The announcement for the arriving train interrupted their conversation. A surge of people began to move.
Ran and Sonoko said their goodbyes at the ticket gates. Watching her lively friend's figure disappear around the corner, Ran didn't immediately head for her own platform. As usual, she walked slowly to that pillar with the faded musical poster and leaned against it, seemingly casually scanning the passing crowd, waiting for someone. After about the time it takes to smoke a cigarette, a figure descended slowly from a nearby staircase. It was a woman wearing a light grey trench coat, with thin silver-framed glasses, projecting an intellectual air. Her chestnut hair was loosely tied into a bun at the back of her head, and she held a copy of the Iwanami Bunko edition of The Pillow Book, spine facing out, the title clearly visible.
Her steps were measured, her aura serene. She walked directly to Ran's side, similarly leaning against the pillar, maintaining a distance appropriate for ordinary friends. Together, they looked at the flickering train information screen on the opposite platform, neither speaking first.

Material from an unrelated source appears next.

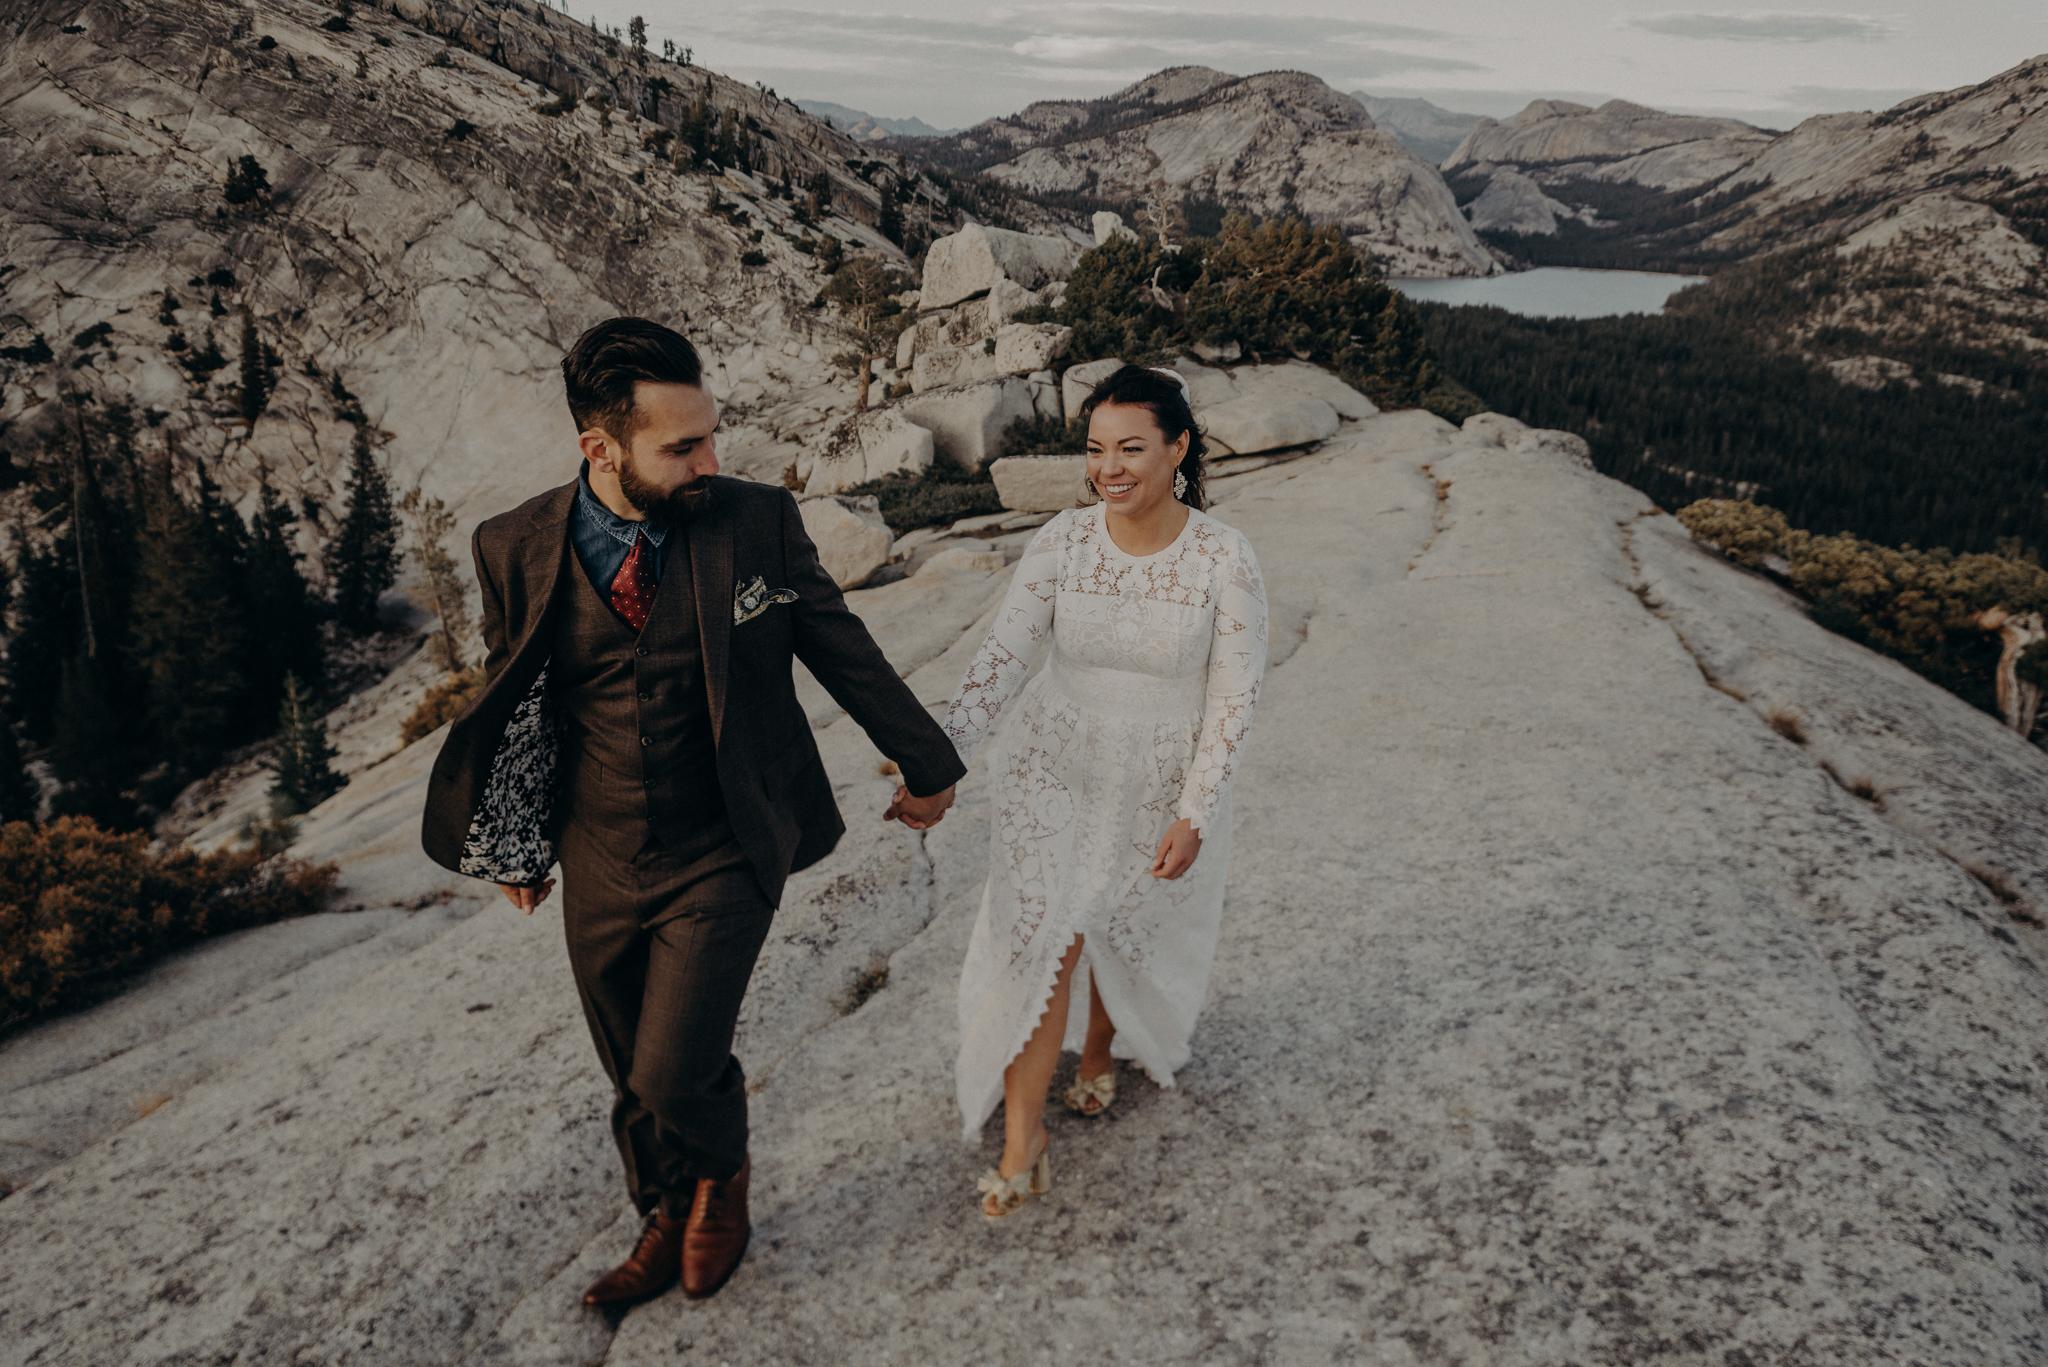 evergreen lodge wedding venue

The roar of a train began to approach from within the subway tunnel. A strong gust of wind, preceding the train, rushed out, stirring the hem of her trench coat and the strands of hair on Ran's forehead.
"Did you wait long?"
"No," Ran turned her head, looking at her flawless profile. "Just the right amount of time."

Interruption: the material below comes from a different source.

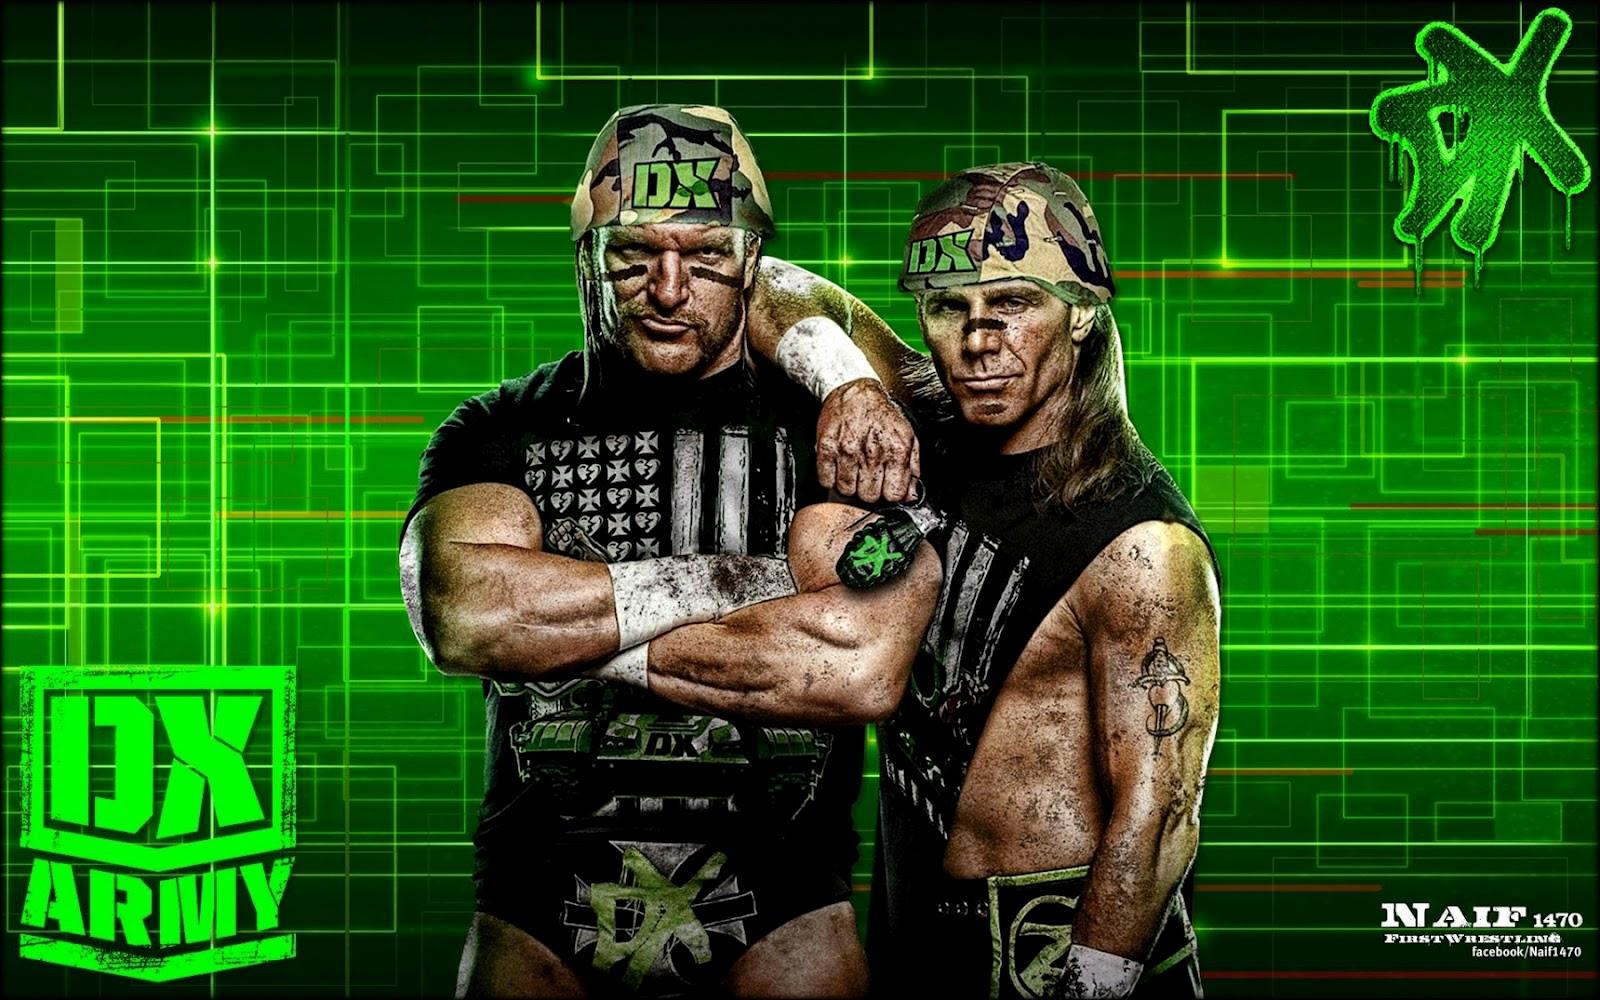 http://4.bp.blogspot.com/-EzhQBOLrKw0/UApkIPwSLeI/AAAAAAAADko/Szq0eRHsNpA/s1600/WWE_DX+%283%29.jpg

The train arrived with tremendous noise and airflow, came to a stop, and the doors opened. The flow of people getting on and off surged like the tide. She naturally took the not-so-heavy canvas bag from Ran's shoulder, and like any pair of female friends traveling together, walked side-by-side with her towards the train that had just pulled in on the opposite platform.
They found a corner near the connecting area. She used her body to create a relatively separate space between the crowd and Ran, turning her back to most passengers, shielding Ran within the small shadow formed by the carriage wall and herself.

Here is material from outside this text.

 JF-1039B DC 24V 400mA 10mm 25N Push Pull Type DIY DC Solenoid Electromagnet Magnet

The train started, accelerated, and left the station. The light outside the window suddenly dimmed, replaced by the lights of the tunnel speeding past. The rumble of the train's operation masked all other small sounds. In this moving, sealed metal box, the world seemed momentarily suspended. Ran's shoulder lightly leaned against the cool carriage wall, while her arm, both for balance and to carve out their little world, rested on the glass next to Ran.
They were like two grains of sand drifting with the current, carried by this train bound for who-knows-where, blindly shuttling through the underground arteries of Tokyo. They passed station after station without stopping, the blurred lights and advertisements on the platforms flashing by outside the window like fleeting glimpses.
Where was this train headed? The border of Saitama? The coast of Chiba? Or was it just going to run on endlessly through these dark veins? The destination became unimportant; the name of the terminal on the route map lost its meaning. She took her hand. The loneliness was diluted; the happiness became concrete and minute. Tokyo was never short of travelers. In the eyes of others, they were just two close young women—perhaps students from a nearby vocational school, perhaps colleagues just off work.
In this city of thirteen million people, no one would notice that one girl was in love with another girl.